Thanks! Just forget what the radio does for Stacking. Wfview could do Super Stacking!

What is a good programming environment to use to develop this? Right now, I only have Windows 10 with Visual Studio 2019 that I use for work projects. Is it better to have a Linux box?
Is there some place on the wfview site that has developer suggestions?

Thanks,
Dave

Ok, ok, I looked harder and found the Developer info on the site. I will do some reading. Is the info there pretty accurate? Is VS2019 a good enough environment?

I’m downloading the pieces and following the notes and will see how far I can get without help!

Thanks,
Dave

Sweet! Super Stacking! Yeah a computer can do so much more with memory. It’s really silly, IMO, how many HTs still have only 100 memories, for example. Like, how many kb does it really take to have a few thousand with categories?

If you do the super stack, the user preferences will have to be modified to hold the data. You might want to look at the memory function and how we store an array of similar data. You could maybe make a struct for a band stacking entry, put in it all the parameters that seem worth recalling, and then loop through that when you save preferences. I actually think my 7300 saves some pieces between bands, such as attenuator and preamp. So this is not a foreign idea at all really, we’re just doing it the super-stack way!

Yes, the directions are good on the site. The only thing is, the newest master branch code will require RT Audio and PortAudio, which I have not added to the directions yet.

For RT Audio, you can just clone the source to the folder containing the wfview source code folder, just like we do for some other libraries. For PortAudio, you need to build a DLL.

RT Audio: GitHub - thestk/rtaudio: A set of C++ classes that provide a common API for realtime audio input/output across Linux (native ALSA, JACK, PulseAudio and OSS), Macintosh OS X (CoreAudio and JACK), and Windows (DirectSound, ASIO, and WASAPI) operating systems.

–E
de W6EL

PortAudio: PortAudio: Building PortAudio for Windows using Microsoft Visual Studio (as usual it’s a bit complicated to build libraries for windows…)

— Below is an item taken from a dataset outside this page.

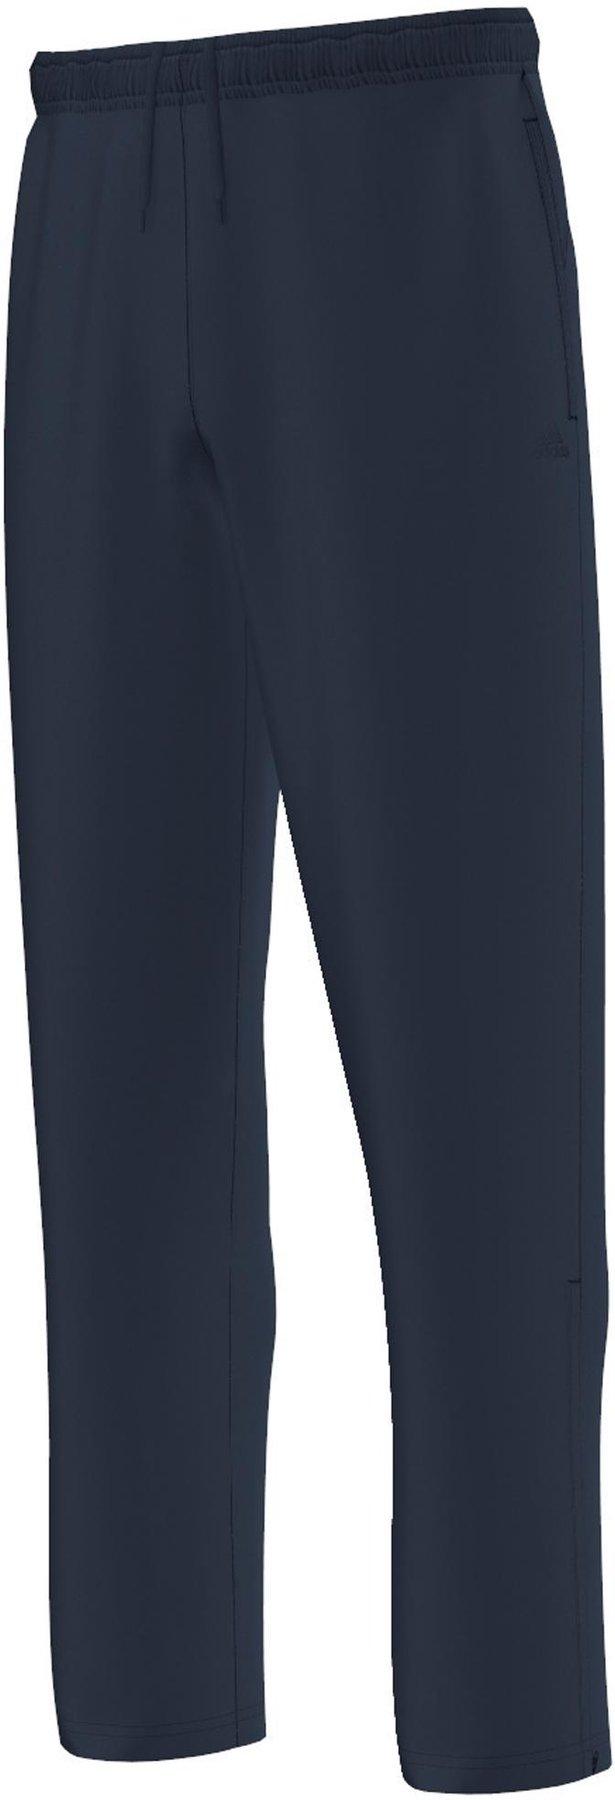 size 40 biggest discount fresh styles Adidas Essentials Stanford Basic Hose Herren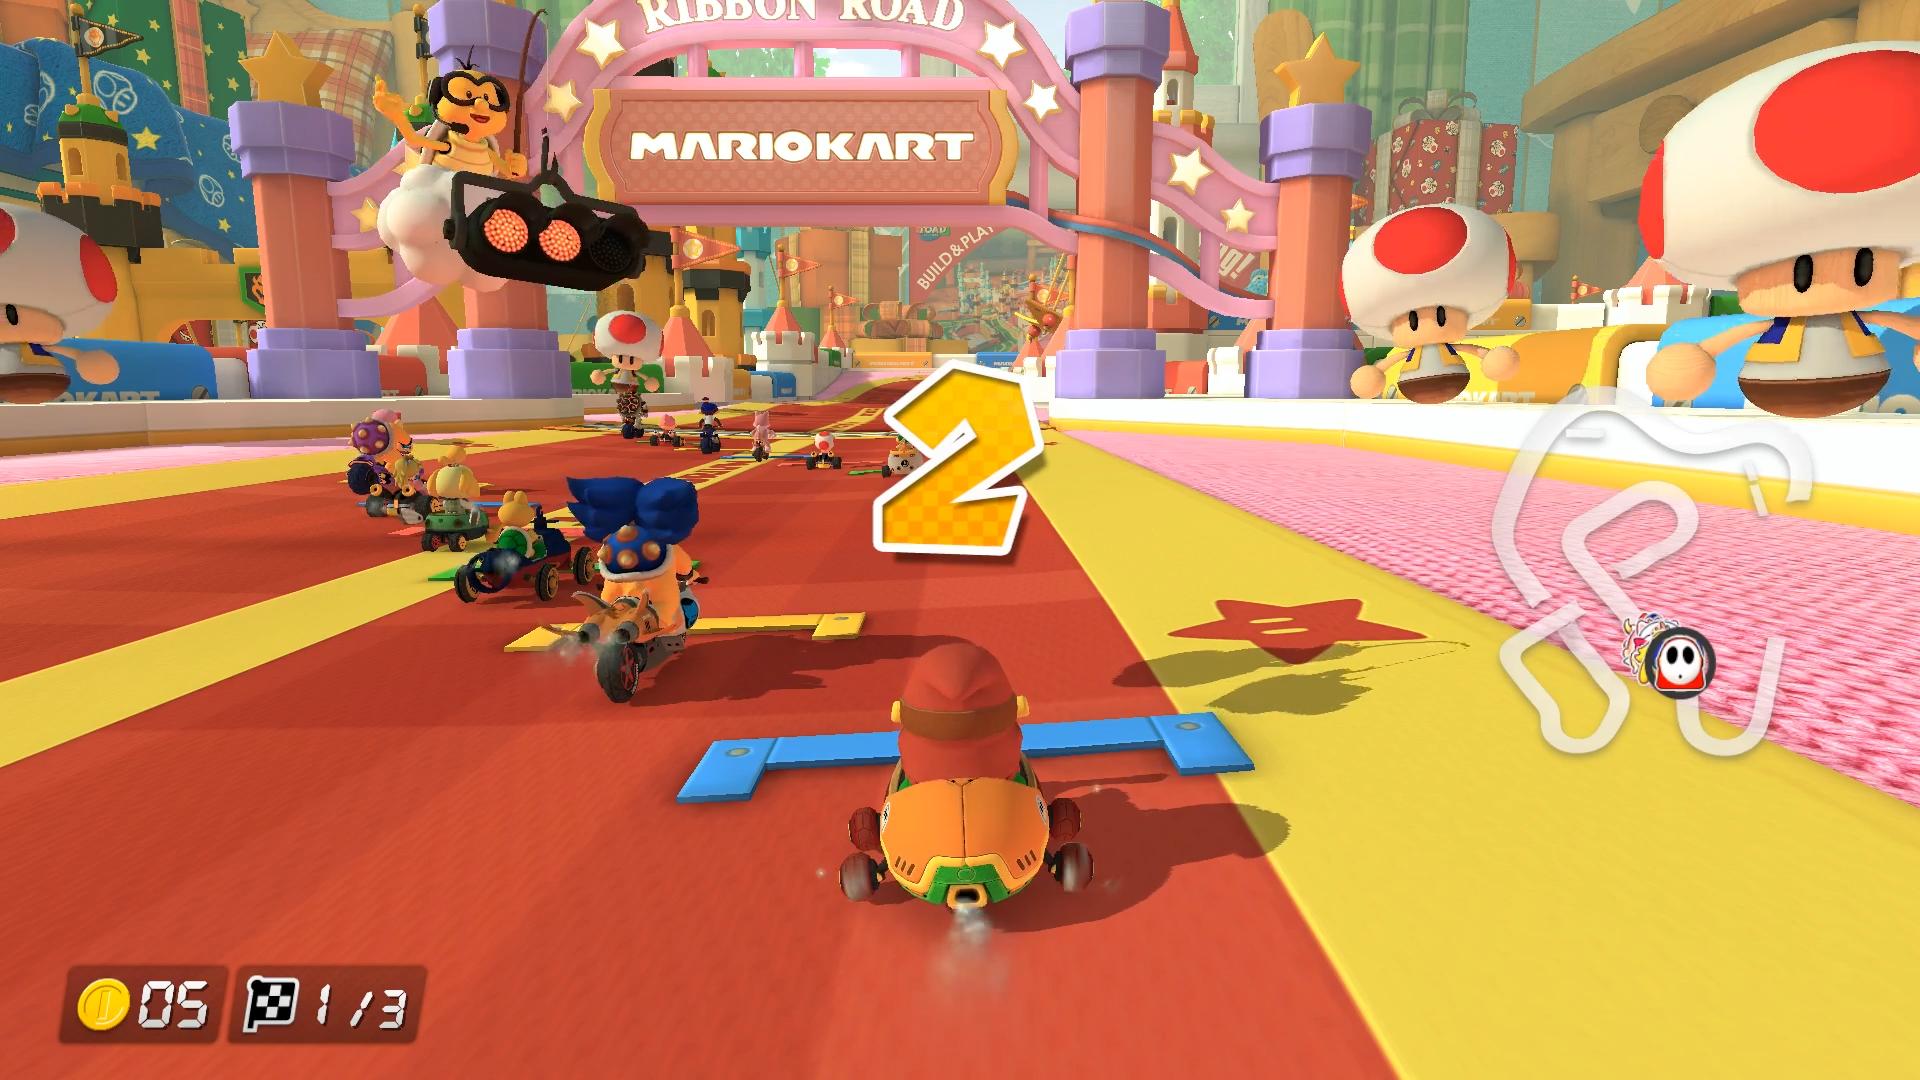 Mario Kart 8 Deluxe Issue 244 Ryujinx Ryujinx Games List Github

Ok, thanks, Elliot. No promises, but I’ll give it a go. I’ve been away from c and c++ for a while, but hopefully it is like riding a bike! It will be an adventure! I’ll reach out if I run into walls. Working on setting up the environment now. I also have VS2022 but will start with VS2019 as the instructions suggest, just in case.

Dave

Hi Dave,

I would be interested in your take on the code too, we work on it so much that we don’t often get a fresh take on it.

–E
de W6EL

Will be happy to provide feedback, Elliot. Right now I’m just trying to make sure I have disk space! qt is large! I unchecked some of the non-VS2019 stuff. We’ll see how it goes!

Dave

I have installed gzip from gzip-1.3.12-1-setup and added C:\Program Files (x86)\gnupg\bin to my path, rebooted but gzip.exe will not run. No screen appearance, nothing. Makes it hard to unpack QCustomPlot-source.tar.gz!

Any suggestions?

Found a way to do it with 9 Zip from the Microsoft Store.

Curious!

On to next step!

Finished the RT Audio clone. Next step is downloading and building the .dll for PortAudio which I will take up tomorrow.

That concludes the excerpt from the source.